Another piece of information that the author demonstrated, is how biofuels, the most direct substitute for fossil fuels, creates global starvation as they compete with food production. This is alarming because many government policies are promoting the use of biofuels, which shows how counterproductive current policies are. Biofuels have given rise to significant greenhouse gas emissions because of the cutting and burning of trees for land. Growing energy crops on soils that have to be cleared by burning brings no advantages, however while growing crops on already cleared land could be an option, it creates a higher demand for land, resulting in higher food prices. Since gas prices are corresponding with food prices, this means higher gas prices as well. This is a big problem, as evidenced by the The Tortilla Crisis of 2007. When the price of corn tortillas increased, people started to riot. The tortilla crisis came after a rise in the cost of corn, itself induced by growing ethanol consumption and growing demand in emerging countries. There was widespread violence and conflict as a result of this increase in food prices. This would only be a foretaste of what would happen if we don’t fix the biofuel problem.
Sinn explains that he thinks it would be beneficial for environmental policy to shift focus from the demand of fossil fuels to the supply of fossil fuels. One problem with that shift is how do we induce resource owners to leave more carbon underground and extract it more slowly? Sinn argues many possible solutions, including a “Super-Kyoto” system which combines all consumer countries into a seamless demand cartel using a worldwide cap and trade system. I agree that we should shift focus from demand to supply, it would be more productive than current policies. We could also try to focus on increasing forest cover at the same time. Trees reduce carbon already in the cycle, further lowering the impact of climate change, and possibly even speeding up the process of lowering carbon emissions.
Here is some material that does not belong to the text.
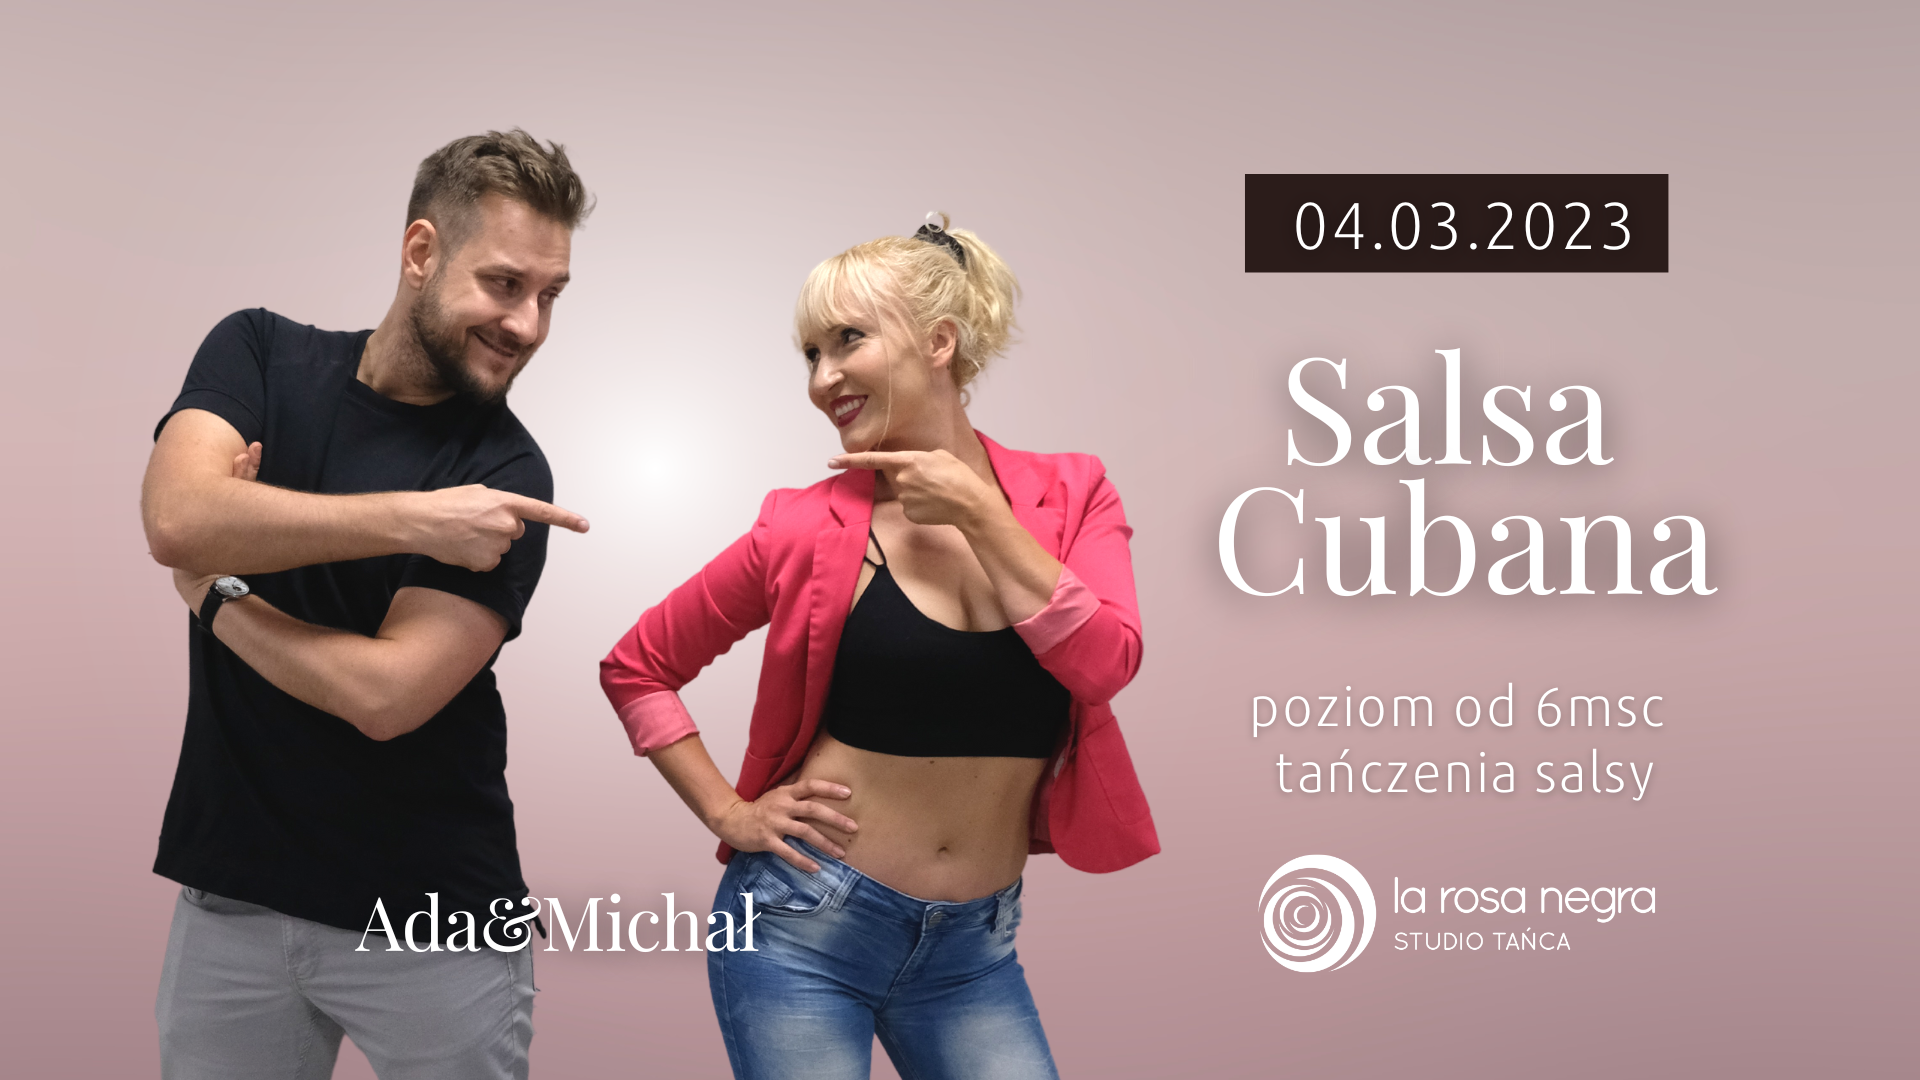 Salsa cubana z Adą&Michałem - zajęcia weekendowe

This was a very thought-provoking book, and I noticed the author’s personality show up in some parts of the book, making it very entertaining to read. This book wasn’t like a textbook, it wasn’t drilling fact after fact into your brain; it was like a rollercoaster, taking you along for the ride about global warming and economics. It kept me reading, wanting to go deeper into how the environment, resource owners, policy-makers worked together. The author made many fascinating connections that made sense, and backed up his words with plenty of data and statistics. This book was written in a way that I could understand and easily relate to. The author took the time to explain the characteristics of each chart and graph, and it helped me understand countries’ use of carbon, and how each policy taken to battle global warming is influencing those countries’ economies.